Prof. Ely Answers Our Charges

Chapter IV—
Prof. Ely Answers Our Charges—The Insufficiency of His Answer
from False Education by Emil O. Jorgensen, 1925

It is November, 1924. In the October issue of his paper-the “Institute News”—Prof. Ely writes a lengthy editorial which he signs himself and which he captions “An Open Letter.”

In this editorial he attempts to refute the charges made in this series of articles—namely, that the Institute of which he is the head in Wisconsin University is not an unbiased research organization whose purpose is to discover the true solution of our land and tax problems, but an organization financed by certain selfish individuals and groups and whose intent is to uproot for all time what increasing numbers of men believe to be the true solution of these problems—to wit, the taxation of land values proposed by Henry George.
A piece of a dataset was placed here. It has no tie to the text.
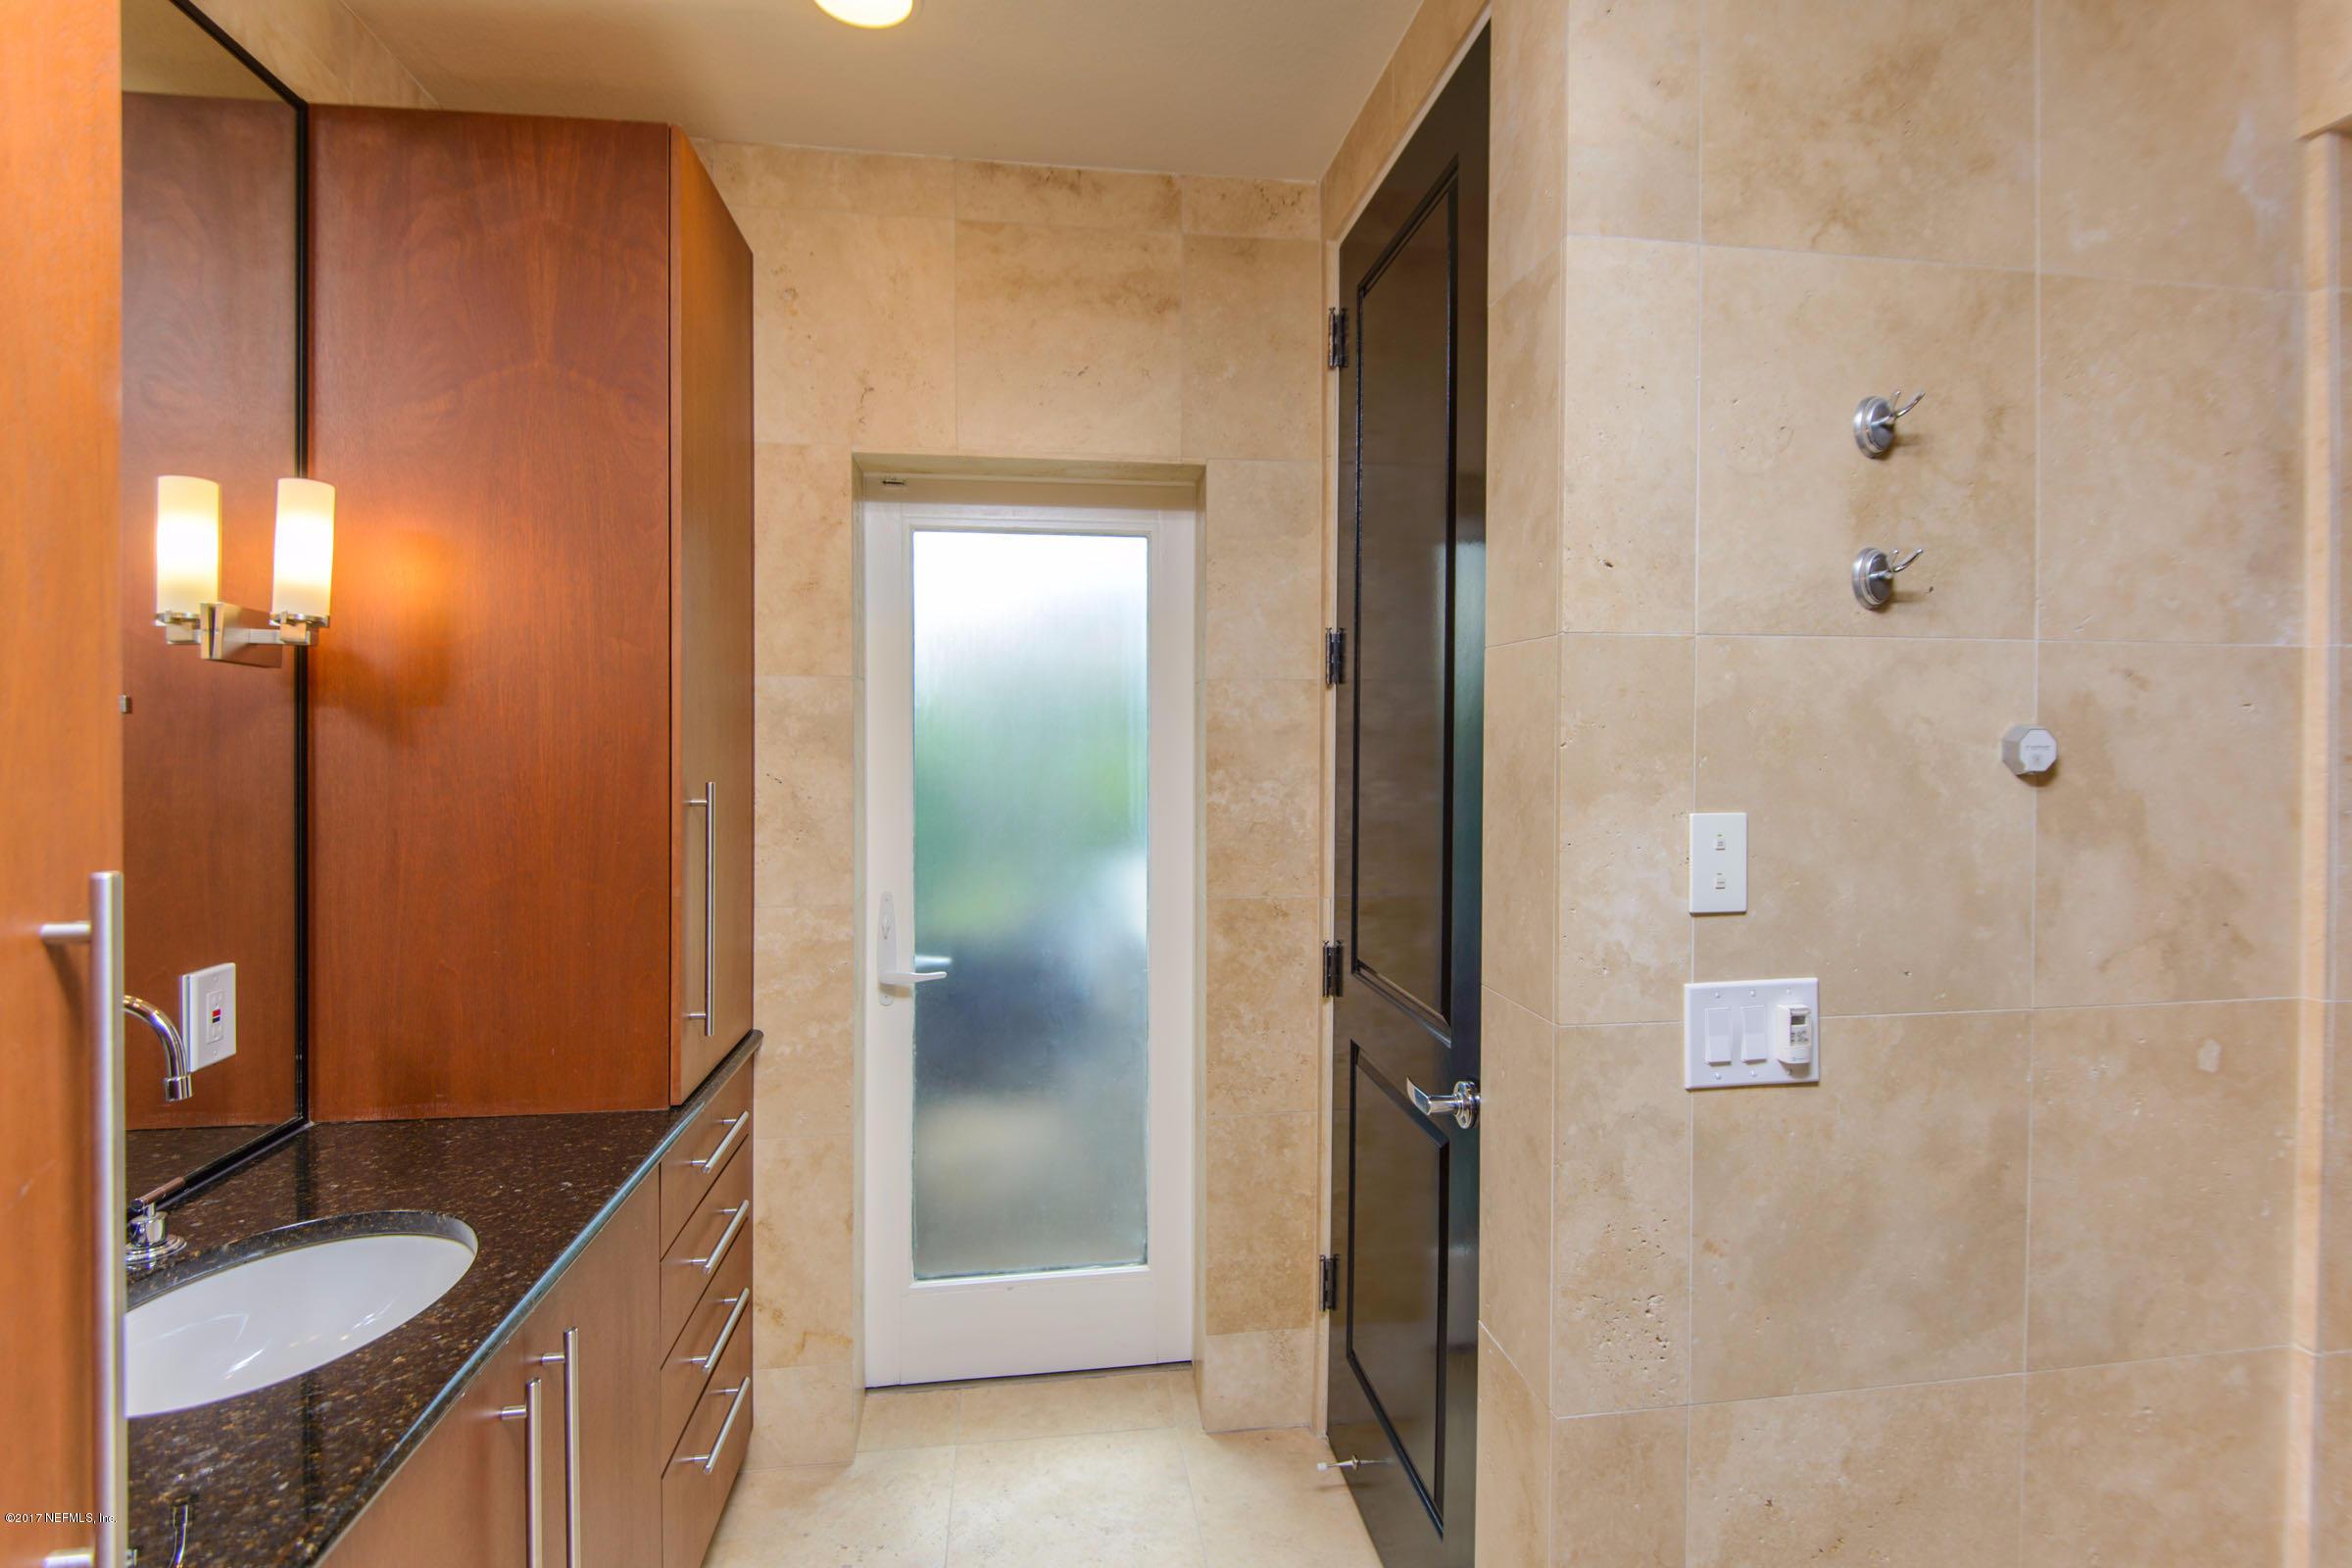 3 CAPRI, PALM COAST, FLORIDA 32137, 6 Bedrooms Bedrooms, ,7 BathroomsBathrooms,Residential - single family,For sale,CAPRI,917570
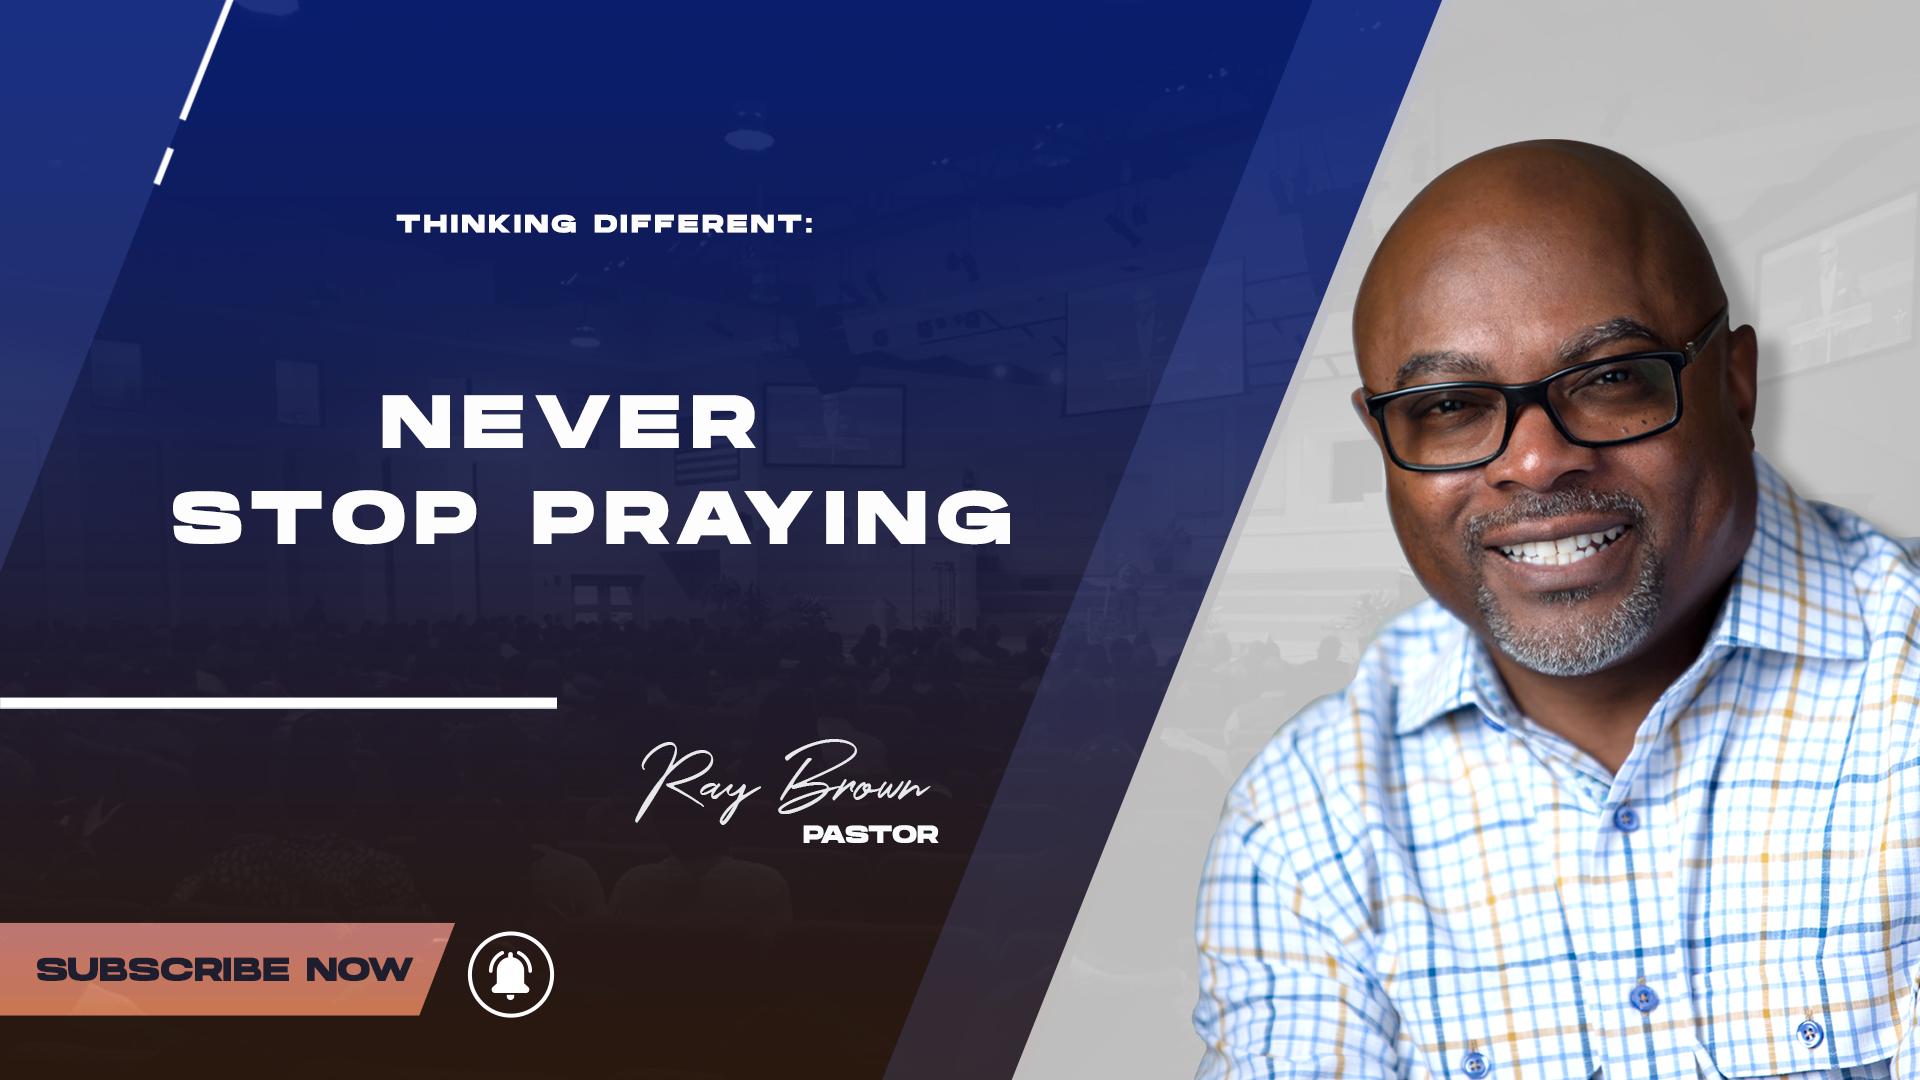 020721 NEVER STOP PRAYING

Notwithstanding his editorial, Professor Ely’s refutation of these charges is not convincing. He has a good deal to say about how, when and where his Institute was formed, the “integrity” and “honesty” of its purpose and the absolute “impartiality” with which it intends to conduct its investigations, but no reference is made to the real issue. What the attitude of his Institute is, and has been from the very day it was founded, towards the land value tax doctrine of Henry George—that subject is carefully avoided.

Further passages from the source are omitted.